Aberdeen Asset Management is an impressive business, although its short history weakens its case as a retirement share; the Aberdeen-based company was only founded in 1983, which makes it very young when compared with peers such as Schroders plc (LON:SDR), which has been in business for more than 200 years. However, Aberdeen’s score of 22/25 is well deserved and reflects its strong growth, high profitability and strong cash generation, which underpins a dividend that has doubled since 2007 and which was covered 2.5 times by free cash flow in 2012.
Although Aberdeen Asset Management’s 2012 dividend yield of 2.7% is below the FTSE 100 average of 3.1%, a further increase is pencilled in this year that provides a forecast dividend yield of 3.4% at the firm’s current share price, providing an attractive level of return that should remain well-covered by earnings and cash flow — making it very safe.
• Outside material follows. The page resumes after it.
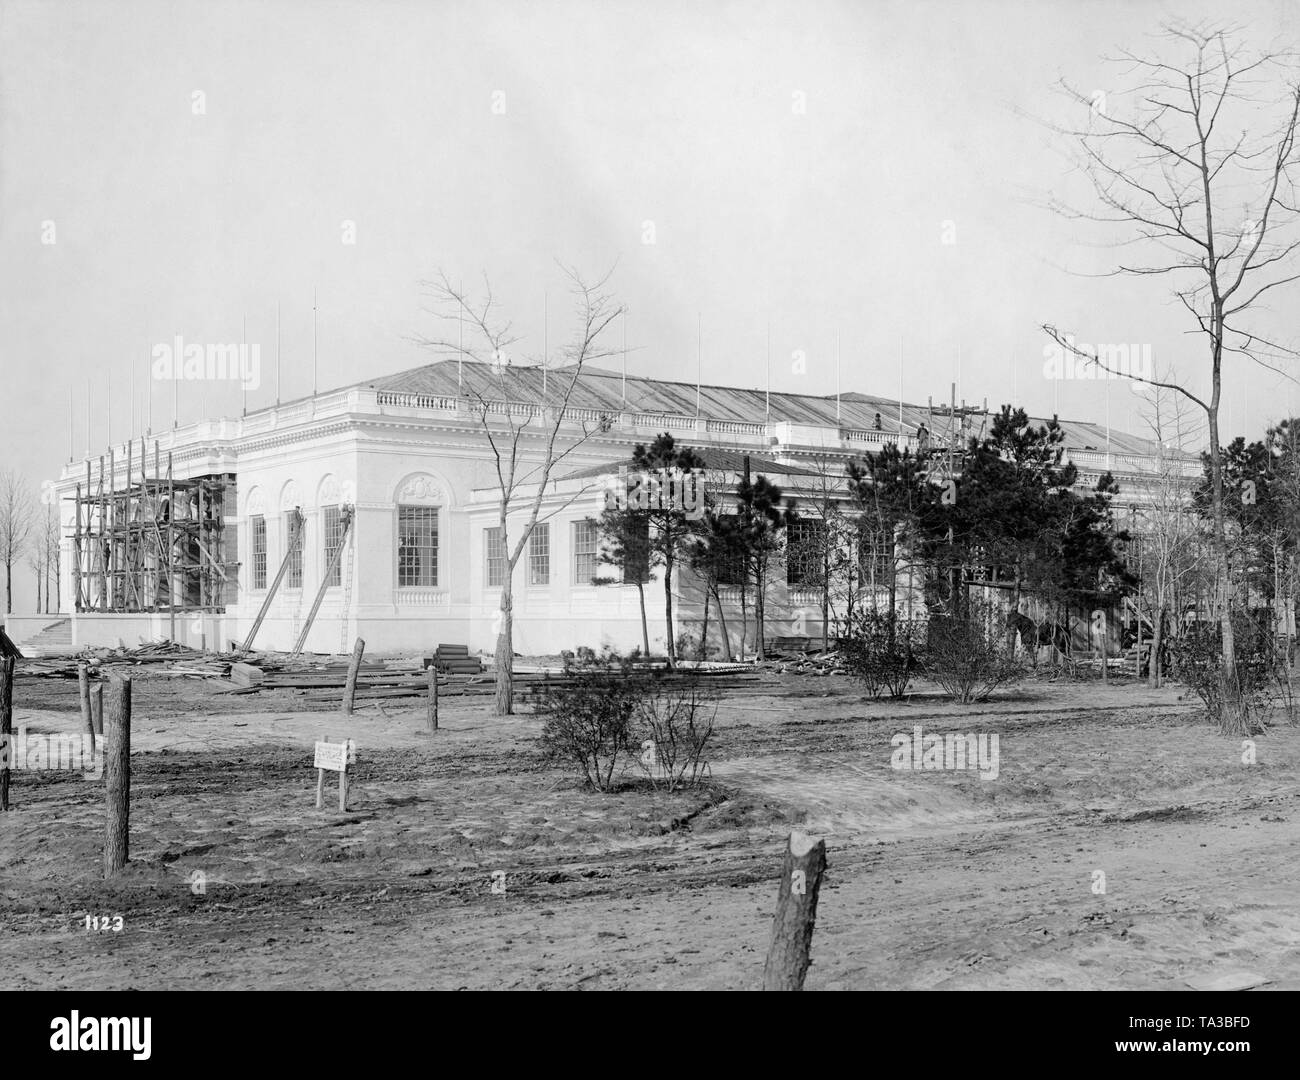 View of an administrative building in Norfolk, Virginia. The building will be renovated for the 'Jamestown Exposition'. Stock Photo

What’s more, although Aberdeen’s 53% share price rise in 2012 makes it look expensive on a historic basis — with a price to earnings ratio (P/E) of 26 based on last year’s earnings — the company’s forecast earnings growth for 2013 gives it a forecast P/E of just 14.7, below the FTSE 100 average of 16. Forecasts are by their nature subject to change, but Aberdeen has delivered very strong growth in recent years and may be able to sustain this for a little longer yet.
Aberdeen Asset Management has the potential to be an excellent retirement share, with a well-covered and progressive dividend policy, a rising yield, and a strong financial position. The company’s youth could be a slight concern, but Aberdeen’s management appears to be well on the way to creating a large, sustainable business.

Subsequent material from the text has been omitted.